The order of relative importance of fixed predictors in GLMMs is determined by their individual marginal R2. However, when the number of predictors (P) increases, the number of fractions including part and shared R2 increases (2P − 1 fractions) exponentially, which will result in an exponentially increased calculation volume with the increase in the number of predictors (Lai et al. 2022).
PACKAGE DESCRIPTION
The glmm.hp package is written in the language R (R Core Team 2021) and can be installed from the Comprehensive R Archive Network (http://cran.r-project.org/web/packages/glmm.hp/) or Github (https://github.com/laijiangshan/glmm.hp). The package contains one key homonymous function: glmm.hp() which computes the individual marginal R2 of each fixed predictor in GLMMs. There are four internal functions to support the glmm.hp function: creatbin(), genList(), GMI() and odd(). The manual of the internal functions can be found in its document. A S3method function plot.glmmhp() can be used to generate a bar chart of the each predictor based on the output of glmm.hp() via ggplot2 package (Wickham 2016).

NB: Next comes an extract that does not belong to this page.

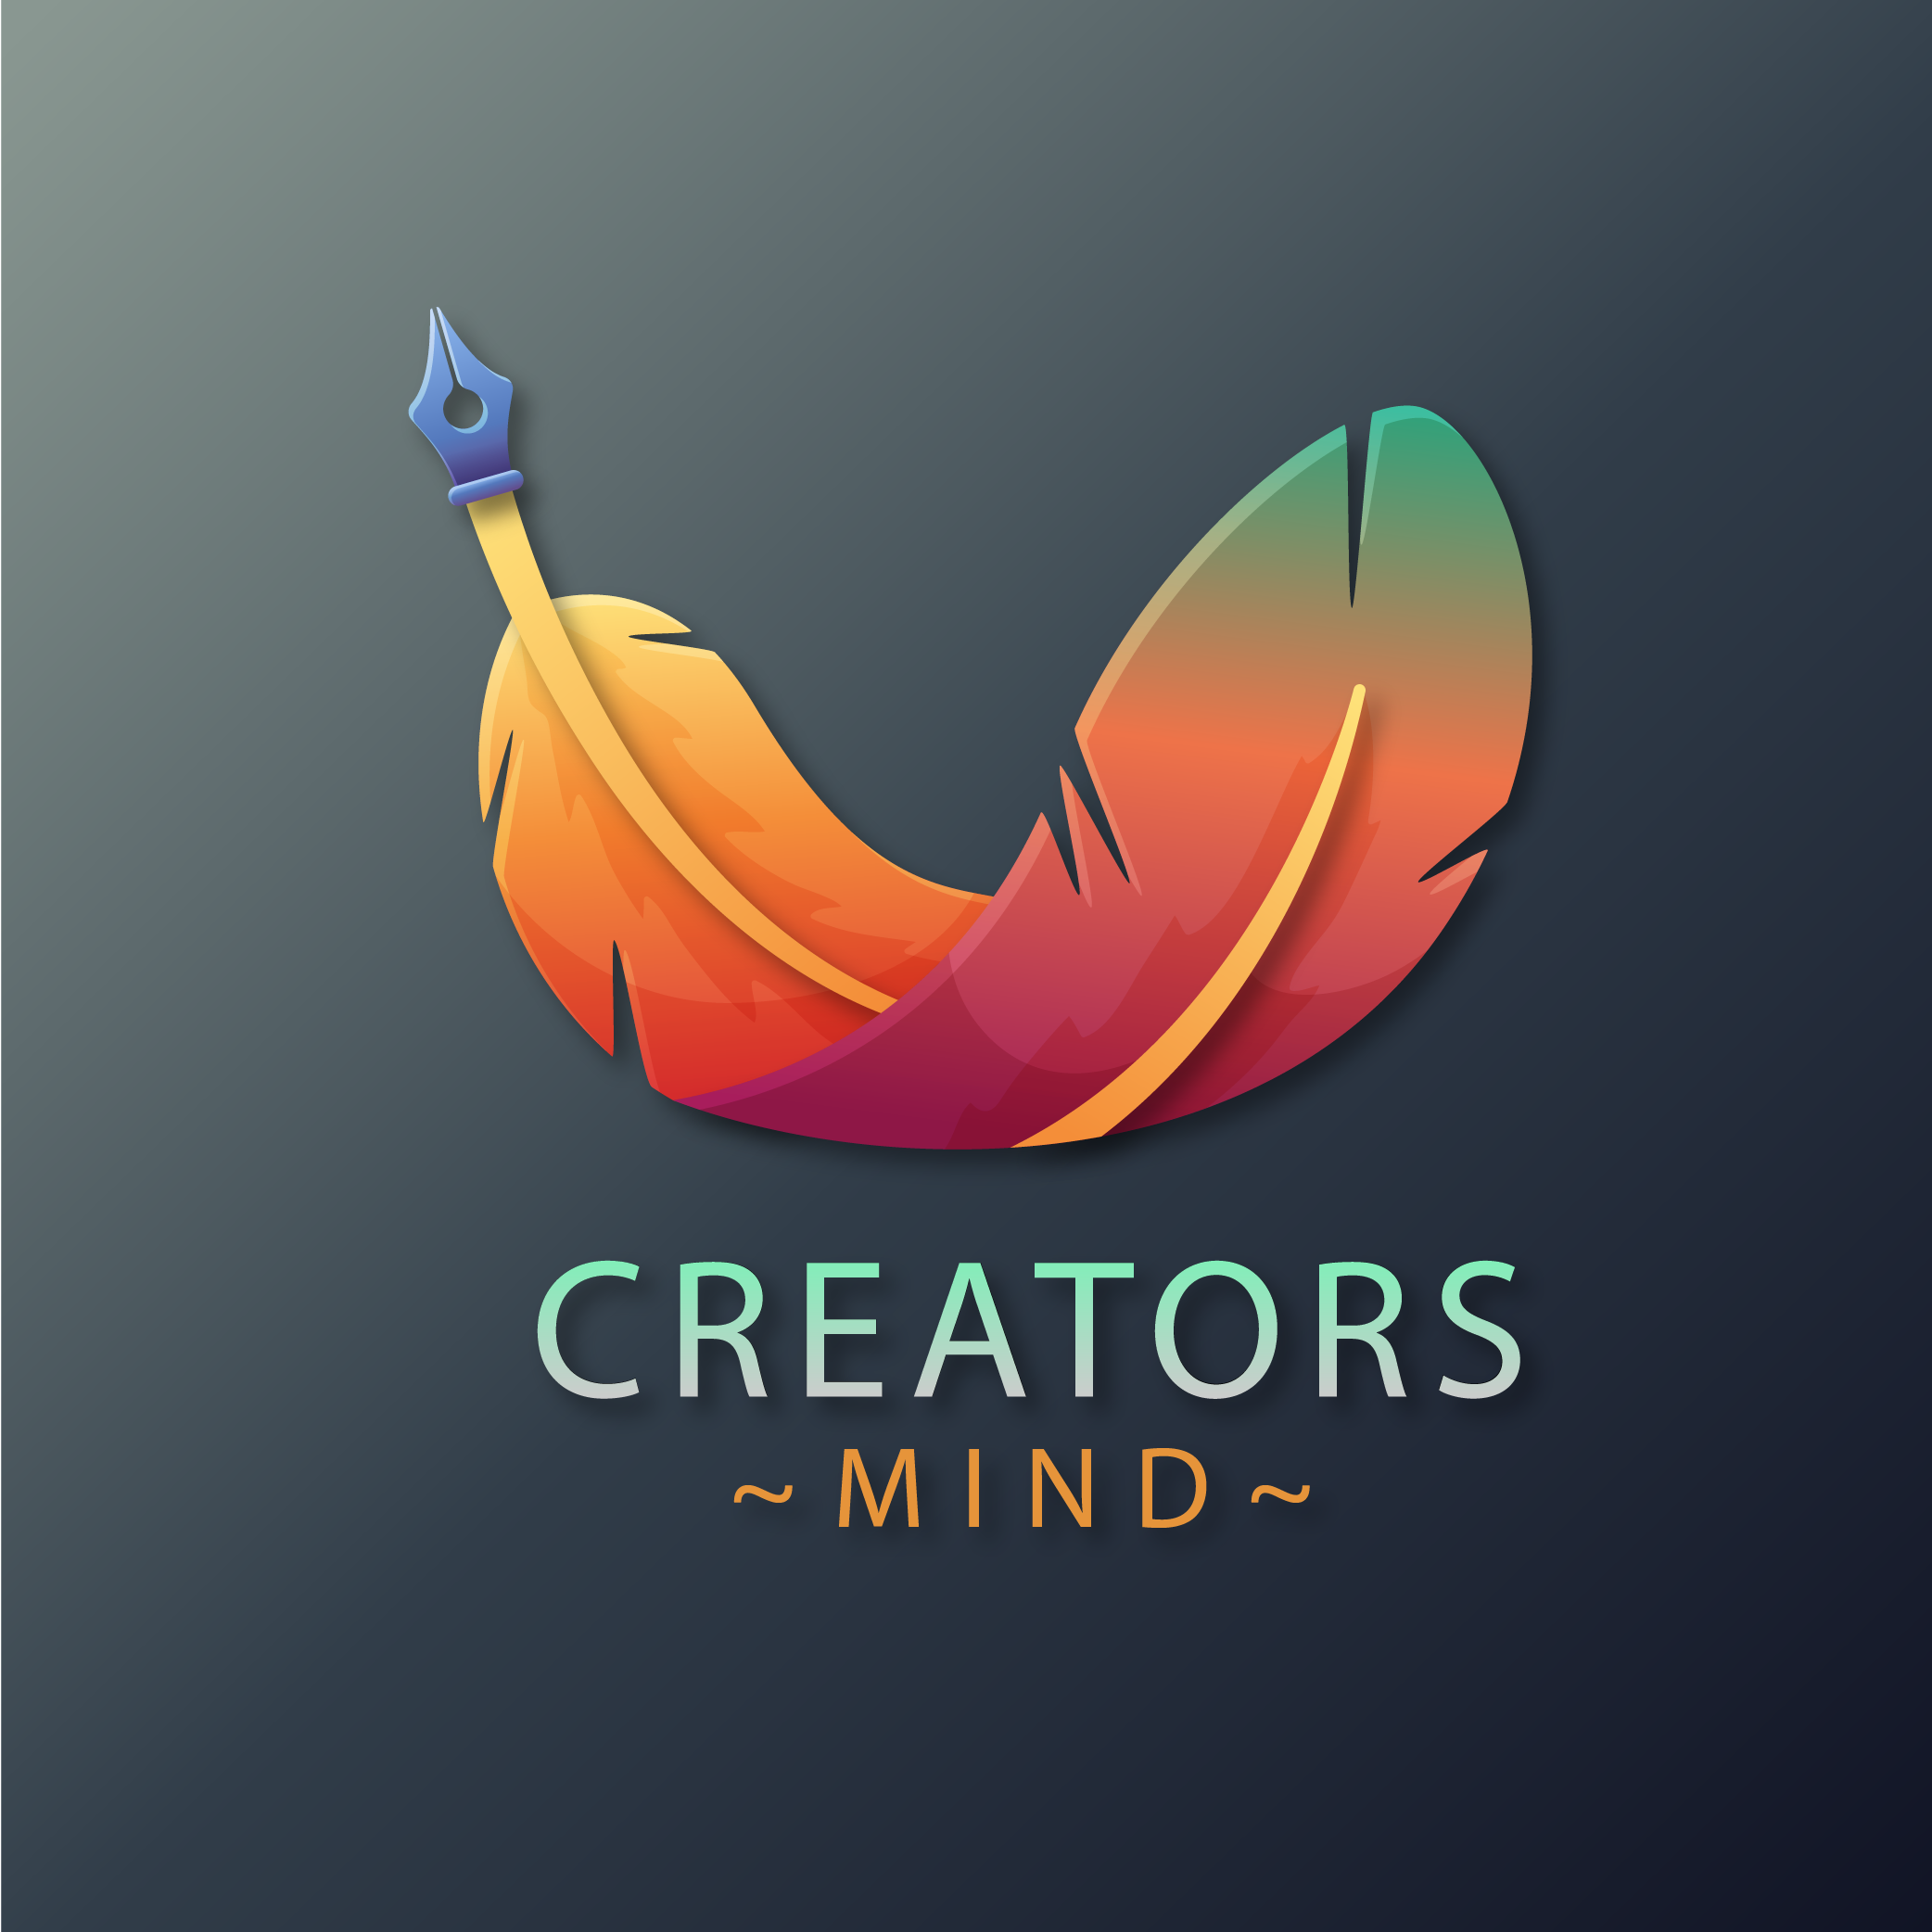 100,000 Mind logo Vector Images | Depositphotos

The glmm.hp() function depends on r.squaredGLMM() in the MuMIn package (Bartoń 2022), which is used to calculate the marginal R2 of GLMMs. The glmm.hp() function only has one argument: mod, i.e. a fitted (generalized) linear mixed model, which comes from package the lme4 (Bates et al. 2015) and nlme (Pinheiro et al. 2020). The workflow of the glmm.hp() function is: (i) extracting the original dataset and formula from the mod; (ii) extracting names of predictors (i.e. fixed effect variables) from the formula and (iii) calculating the individual marginal R2 for each fixed predictor by unique (i.e. part R2) and the shared marginal R2 from the commonality analysis. The function glmm.hp() can work without constraining the data distribution once r.squaredGLMM() can correctly work with mod and return the marginal R2 of the model. For non-Gaussian models, r.squaredGLMM() can return different types of marginal R2 depending on the methods used to derive the variance at the observation level, e.g. ‘theoretical’ and ‘delta’ in the binomial distribution (Nakagawa et al. 2017). The function glmm.hp() reports the partitioning of all types of marginal R2 (see Supplementary Appendix). Handling data containing missing values can be problematic in glmm.hp and rows with missing values will be removed automatically. The function glmm.hp() returns a ‘glmmhp’ class object. Models with interaction terms are not allowed in glmm.hp(). However, if both of the interaction variables are continuous variables, one can use their product (i.e. their interaction term) as a new predictor and insert it into the original model.
A WORKING EXAMPLE
Here, we illustrate functionalities of glmm.hp() for the Gaussian distribution using a simulated dataset on grassland biodiversity and biomass that are available in the partR2 package (Stoffel et al. 2021). The dataset contains 200 cases and 11 variables, and we use the first six variables (Biomass, Year, Temperature, Precipitation, SpeciesDiversity and Population). The data simulate a scenario that 20 invertebrate species are sampled once a year for 10 consecutive years, with species diversity and biomass are calculated. Temperature and precipitation corresponding to each sample are recorded. A linear mixed effect model is used to evaluate the response of invertebrate biomass to invertebrate diversity, sampling year, sampling temperature and precipitation. As the relationship between response variables and predictors may differ for different invertebrate species, species is set as the random effect. Considering the potential correlation between explanatory variables (e.g. temperature and precipitation), hereafter we demonstrate how to use glmm.hp() to compute the individual marginal R2 taking the shared fractions into account.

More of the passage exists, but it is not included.